Опишу еще одну особенность Семена. Был он страшно труслив и робок перед начальством и вообще перед всяким человеком с околышем на фуражке. Несколько раз брал я его кучером и вдоволь натерпелся с ним горя. Бывало, увидит он чуть еще не за версту красный, зеленый или иной околыш, а то так и просто белую летнюю фуражку, и спешит сворачивать с дороги на пашню, на болото, – куда пришлось… Несмотря на все мои старания, от этого страха перед околышем отучить его я не мог.

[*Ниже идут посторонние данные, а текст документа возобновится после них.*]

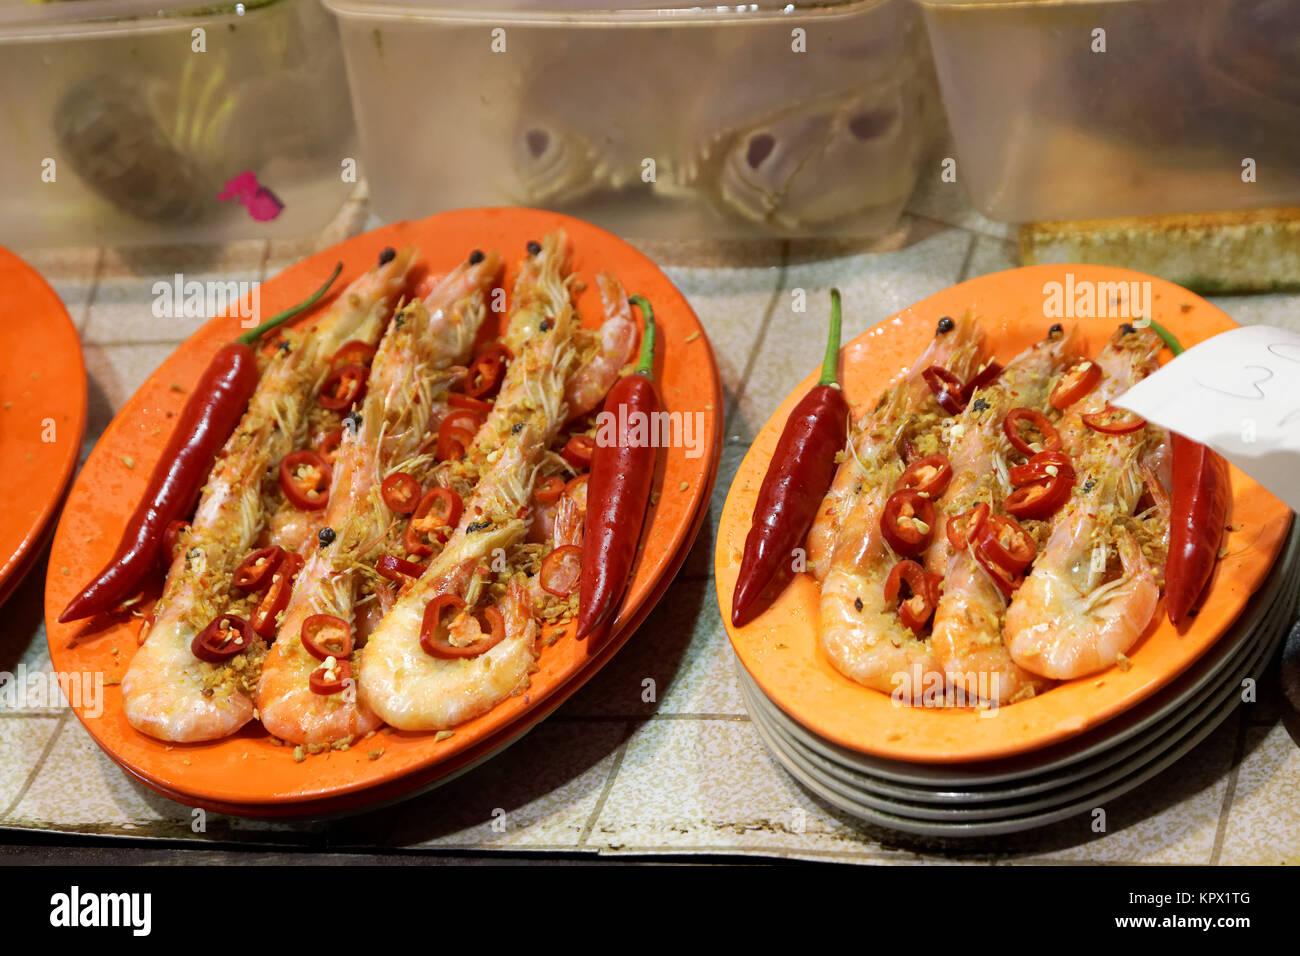 Hunan cuisine stock photos hunan cuisine stock images for Cuisine xiang

Иногда рассудок ему как будто и говорил: «Э, не велика важность – околыш!» – а рука, помимо воли, дергала вожжи, направляя лошадей на кочки и рытвины, и суетливо схватывала с головы шапку, чтобы отдать честь какому-нибудь исправляющему должность помощника волостного писаря Калистрату Барабанщикову или младшему помощнику старшего архивариуса при уездной дворянской опеке, личному дворянину Иосафату Поползновенскому… Случилось как-то – был Семен на базаре для покупки двух поросят и имел неосторожность купить этих поросят у той торговки, у которой только что торговал их «помощник помощника исправляющего должность секретаря при мировом съезде» (ей-богу, есть такая должность!). «Помощник помощника» нрава был горячего, да к тому же, по близости своей к Фемиде{3}, мнил себя в безопасности, а потому и закатил бедному Семену две или три изрядные оплеушины. Боже мой! Сколько трудов и красноречия потратил я, убеждая Семена жаловаться мировому судье! Но Семен жаловаться не согласился. Одно упоминовение суда, полиции и других краеугольных учреждений наводило на него уныние, и трепет, и желание как можно скорей улизнуть в глубь и темноту своих милых амбаров, в поле или на канаву за гумном и всецело отдаться там отрадному чувству безопасности. Терпеть и бояться – в этих словах заключалась вся его жизнь, хотя прошу не забывать, что боялся он только «околыша» и всего того, что, по его мнению, неразрывно связано с этим околышем.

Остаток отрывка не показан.